I have about 2... rofl...


----------



## dynamitecid99 (Jun 27, 2005)

errr....lol i didn't think i had that many....4783....


----------



## Bunchofstuff (Jun 27, 2005)

i only have 300 , but thats about to change because im about to switch to cable instead of 56k , and i have about 70gigs worth of dvds


----------



## penguinrusty (Jun 27, 2005)

I have around 700.


----------



## Apathetic (Jun 27, 2005)

You guys must have a lot of money :O


----------



## 20gig (Jun 28, 2005)

46 gigs of songs for me


----------



## kof2000 (Jun 28, 2005)

2.2tb


----------



## tomb08uk (Jun 28, 2005)

2.2 of terrabytes, really?thats crazy if so...


----------



## dhaynes (Feb 13, 2006)

i have about 50 gigs ~ 10000 songs right now


----------



## lee101 (Feb 13, 2006)

wow, this thread was like 6 months old!

I have 348 songs, 22.1hours, 1.6 gigs

I really thought i had more, if i ripped all my cd's i woudl probably have about 1000-1500, but i would never listen to them as they are basically all pre 2001, i don't think i have bought cd since!

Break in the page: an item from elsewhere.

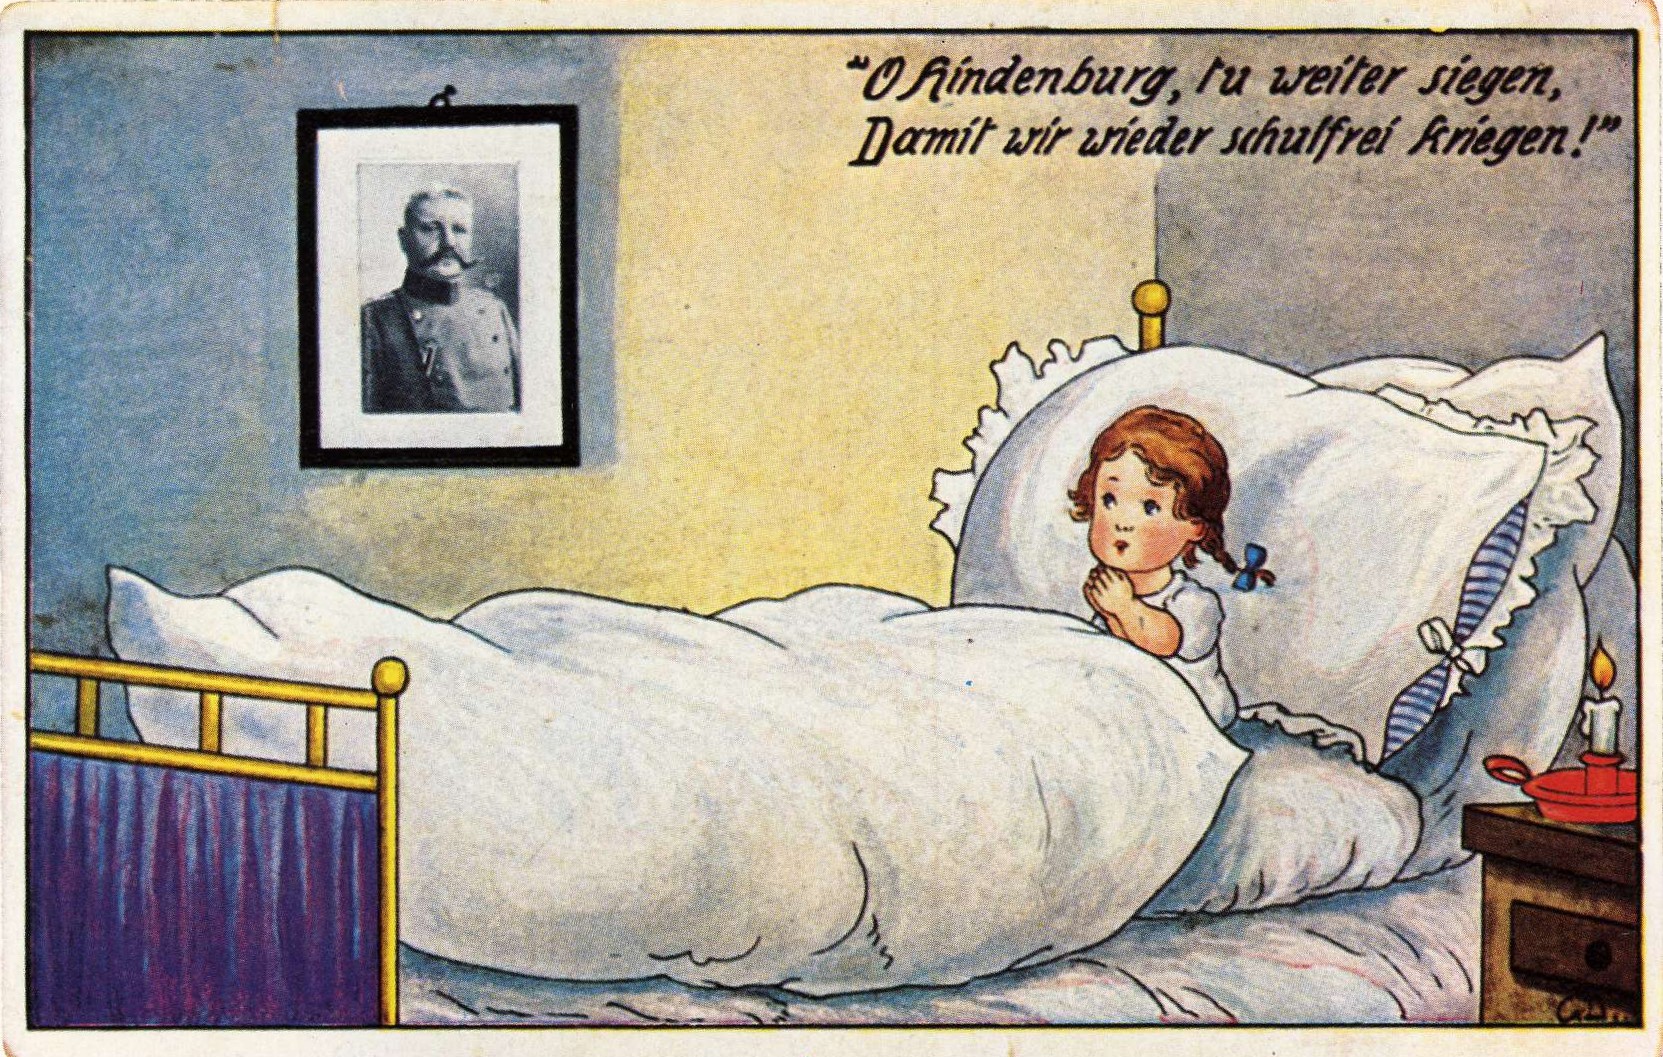 Kriegspropanda-Postkarte um 1914 „O Hindenburg, tu weiter siegen, damit wir wieder schulfrei kriegen!“
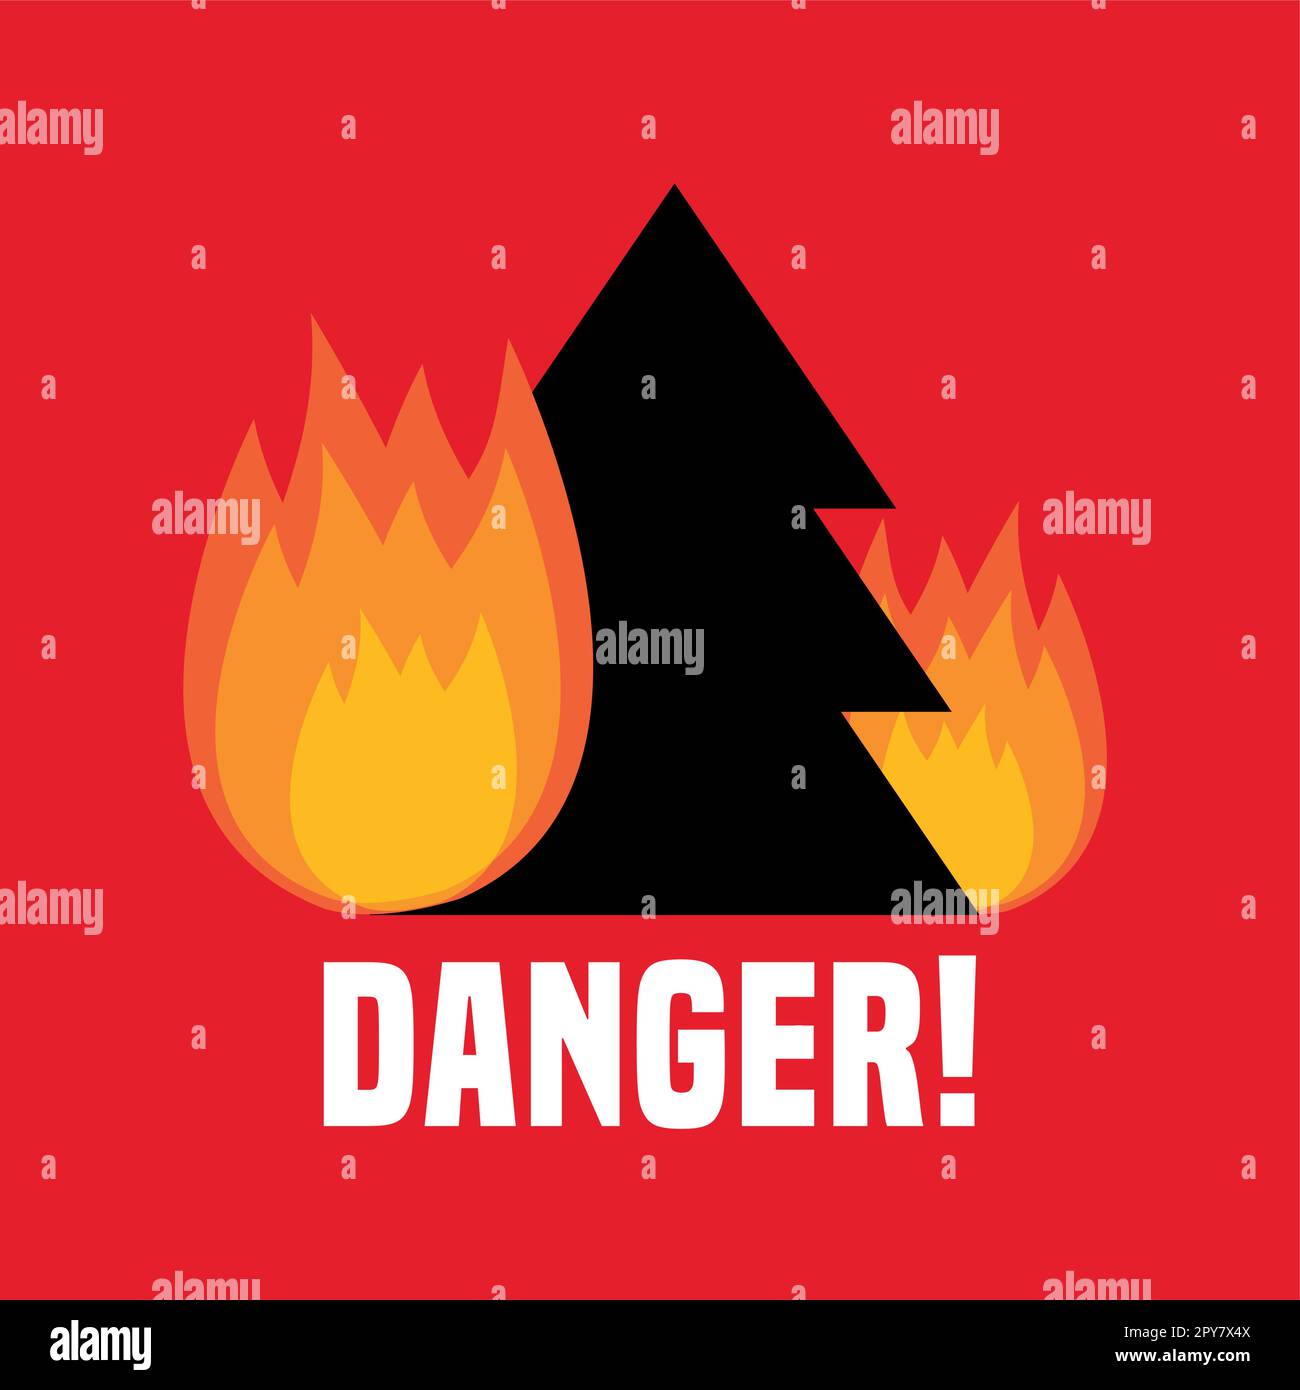 danger of forest fire burning fir trees illustration Stock Vector

edit: This dam thing has giving me the urge to rip all my cd's, 1 down, quite a lot to go


----------



## Dropkickmurphys (Feb 13, 2006)

about 2000, all my CD's and others that i have D/L from iTunes...


----------



## lee101 (Feb 13, 2006)

kof2000 said:
			
		

> 2.2tb


wow, did you just download the whole itunes store?


----------



## Veurruckte (Feb 13, 2006)

I have about 20 gigs. I listen to most of it, but there is some shit like the black eyed peas that friends download when they comeover >_< .


----------



## Yasu (Feb 13, 2006)

I only have 146 songs on my computer which is about 460 megs worth.


----------



## thealmightyone (Feb 13, 2006)

Well, I have 4. Beat THAT.


----------



## TheChef (Feb 13, 2006)

Over 1100, all legal.


----------



## Xycron (Feb 13, 2006)

I have a 500g harddrivce dedicated to music, BUT you have to understand that i use a mathmatically lossless format when ripping music to achieve the highest quility(which means they take uop ALOT MORE SPACE then mp3s) i can with the music/spoeakers/soundcard. BArly any i have downloaded, Mainly just Riped CD's i bought and mainly borrowed from my sister.


----------



## SAAER45 (Feb 13, 2006)

446 songs, 1.2 days, 1.71GB


----------



## Motoxrdude (Feb 13, 2006)

I have any upward of 6000+. I havent even listened to 1/5 of the songs. A lot of my friends have ipods and when they come over i take all the songs that i dont already have off. I have 60Gb dedicated to music, and i think i have used about 22Gb.


----------



## atomic (Feb 13, 2006)

1541 actually on my computer...alot more on cd's.  But mostly i listen to streaming music stations when im on the net.


----------



## mrgeorgedude (Feb 14, 2006)

Motoxrdude said:
			
		

> I have any upward of 6000+. I havent even listened to 1/5 of the songs. A lot of my friends have ipods and when they come over i take all the songs that i dont already have off. I have 60Gb dedicated to music, and i think i have used about 22Gb.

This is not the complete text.